As Mark G. stated in his first reply to this thread:
“If the application is calling the local broker or IS at it’s location and simply publishing a message then how would the application have to be aware of the other applications and brokers on the network?”

Exactly. It is my contention that IS provides location transparency (as defined above) directly out of the box with virtually no effort at all. Only when IS is used as an application in and of itself (e.g. you’ve written some services that stand on their own) does it not provide some level of location transparency.

Even when using IS for its web services capabilities, you get location transparency. Not for the services themselves, but for the supporting “behind the scenes” players that help make the service work. To get location transparency for the services themselves, IS needs help (Fabric fits the bill).
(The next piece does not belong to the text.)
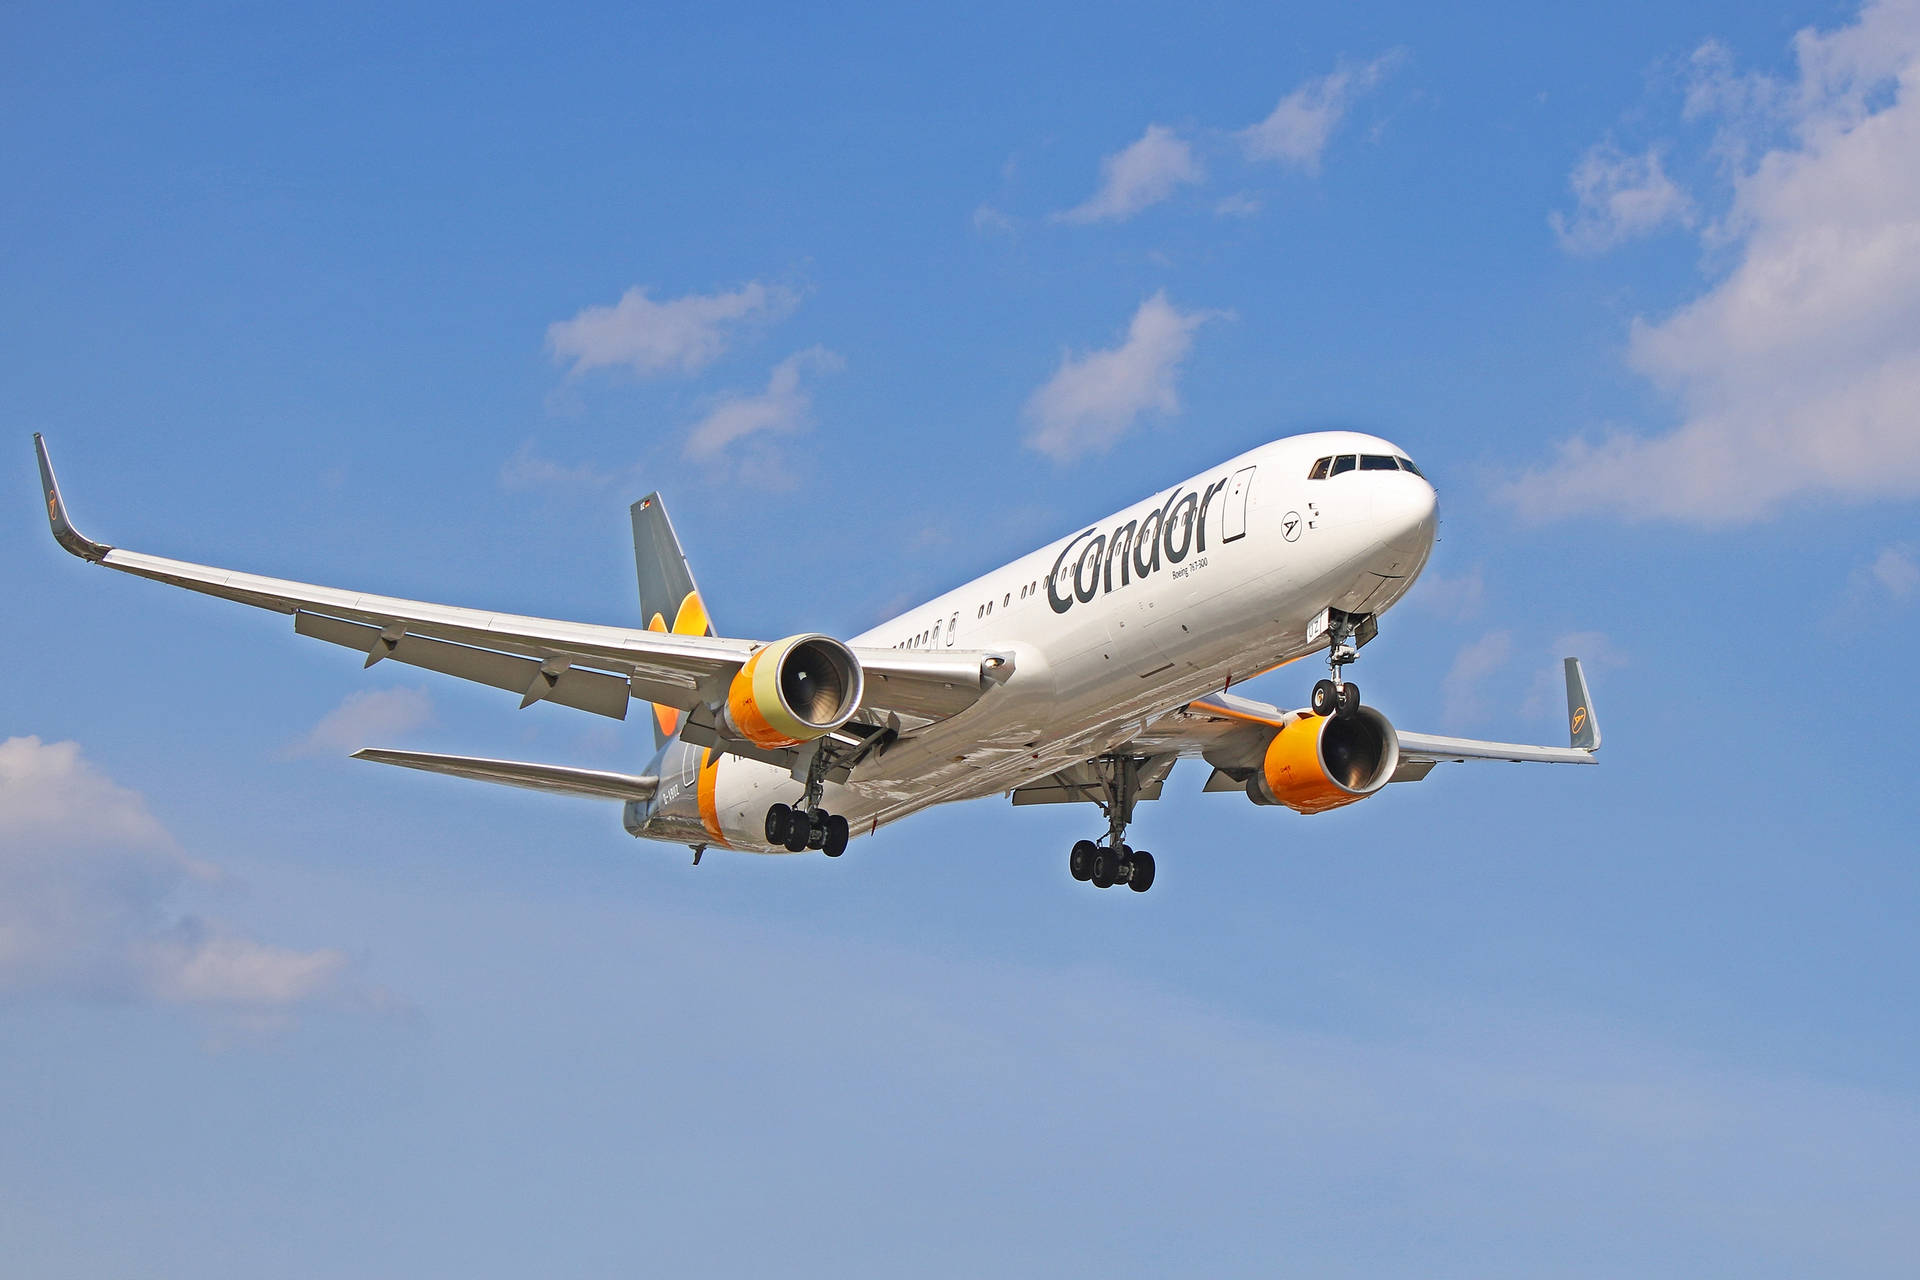 Condor Airlines Flying Airplane Up In The Sky Wallpaper

All abstraction devices that try to simplify the multiple, point-to-point web of connections (device drivers, naming services, brokers, directories, etc.) use an intermediary. By definition, that intermediary’s location must be known (or resolvable) to the client/application. A broker itself isn’t location transparent. Adapters, clients, services, etc. need to know where the broker is. But the broker provides location transparency for the applications that are on “the other side” of the connection.

Mark C. asked for ‘an example of “location transparency” in practice?’ Virtually every single IS-based project I’ve worked on provided location transparency. Some brief examples:

  • Orders in XML form sent from fulfillment system to IS via a queuing facility. IS translated the XML to EDI which were forwarded to external partners via FTP. The fulfillment system has no idea that the transformation is occurring, no idea about the communication methods and certainly no clue about which applications that the orders ultimately ended up in. Each of these components could change without the fulfillment system knowing.

  • Orders from a new J2EE system sent to IS via a queueing facility. IS translates and sends to a mainframe app via its EDI translator interface. The J2EE system does not know the orders are going to a mainframe. Indeed, it doesn’t know if the order goes anywhere at all.